Erstellt am 08. April 2016, 01:54

von NÖN Redaktion

„Bester Abschluss in der Stadtgeschichte“. Freude bei Stadtführung über gute Werte bei Rechnungsabschluss 2015. Babler: „Größte Schuldenreduktion der Geschichte.“

Andreas Babler freut sich mit Finanzverwaltungsleiter Gernot Kutusow und Markus Bartlweber über den guten Rechnungsabschluss.
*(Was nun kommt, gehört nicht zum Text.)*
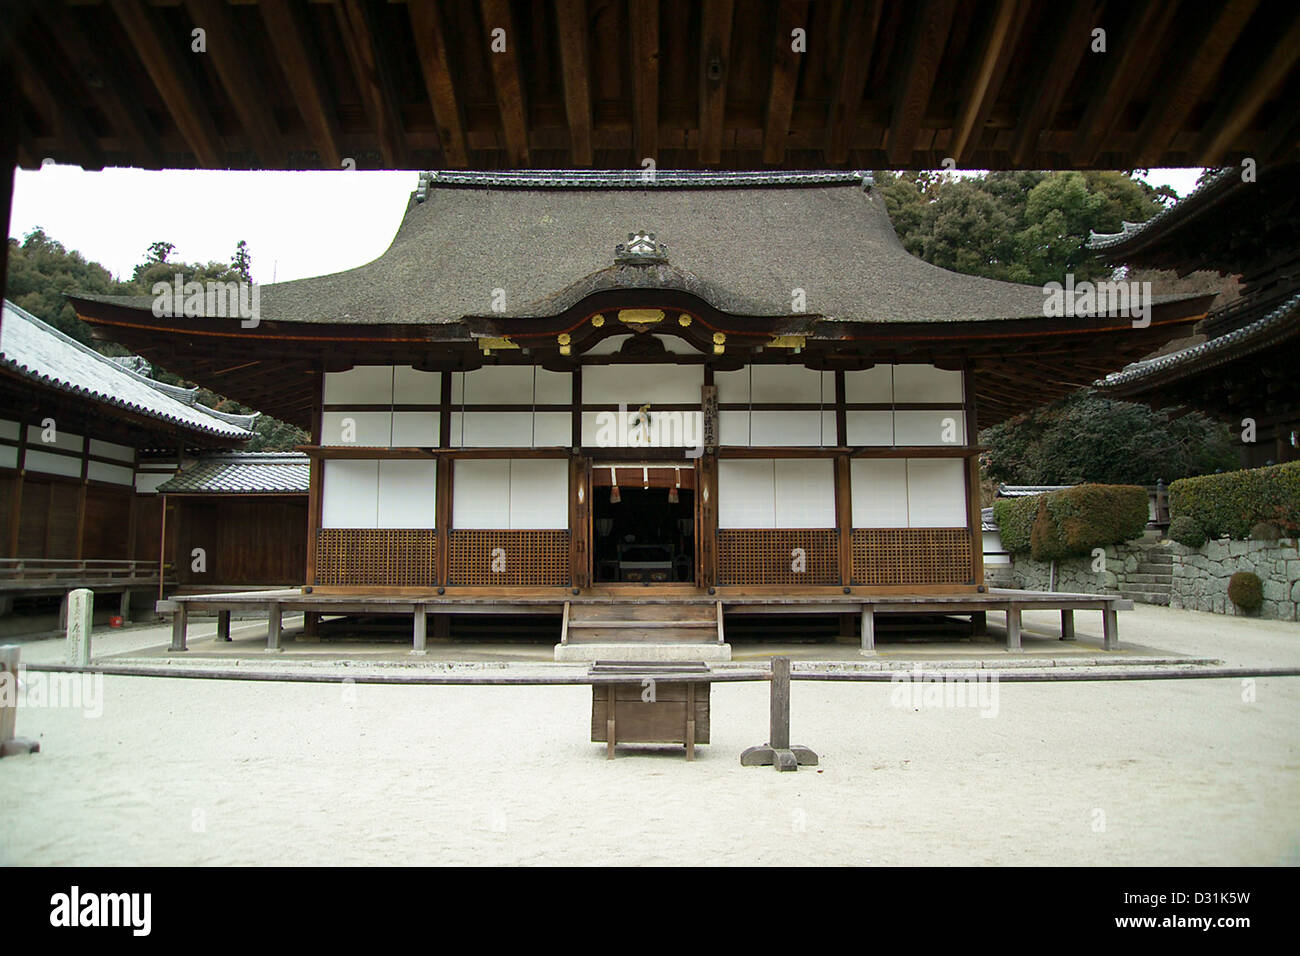 Kanchō-dō 潅頂堂 in the Tō-in 唐院 at Mii-dera, a Buddhist temple in Otsu, Shiga Prefecture, Japan Stock Photo

Letzterer präsentierte auch die Bilanz der Traiskirchner Betriebsstättenverwaltung, die ebenfalls ein positives Ergebnis von 628.000 Euro erzielte.  |  NOEN, Fussi

Bürgermeister Andreas Babler, SPÖ, freut sich, einen erfolgreichen Rechnungsabschluss präsentieren zu können: „Insgesamt wurde der Trend seit meiner Amtsübernahme vor nicht einmal zwei Jahren fortgesetzt und wir haben in diesem Zeitrahmen die größte Schuldenreduktion der Stadtgeschichte bei gleichzeitigem Höchststand der Rücklagen.“

Auch der Bereich der „freien Finanzspitze“ von 4 Millionen Euro habe sei „sensationell“, so Babler. „Gleichzeitig hat die Stadt im Vergleich zu anderen vergleichbaren Kommunen eine außerordentlich niedrige Personalquote von unter 20 Prozent der Einnahmen des ordentlichen Haushaltes.“

ÖVP und FPÖ stimmen dem Abschluss nicht zu

Bürgermeister Babler ist stolz, dass Traiskirchen audgrund der guten Werte zu den stabilsten Städten im Land zähle und auch in der Bewertung im „offenen Haushalt“ des KDZ einen Rekordwert von 1,66 im Jahr 2014 erreichte. „Für 2015 wird sich dieser Wert noch weiter verbessern“, ist sich Babler sicher – „somit haben wir eine solide Grundlage für die kommenden Arbeitsjahre und Generationen geschaffen“.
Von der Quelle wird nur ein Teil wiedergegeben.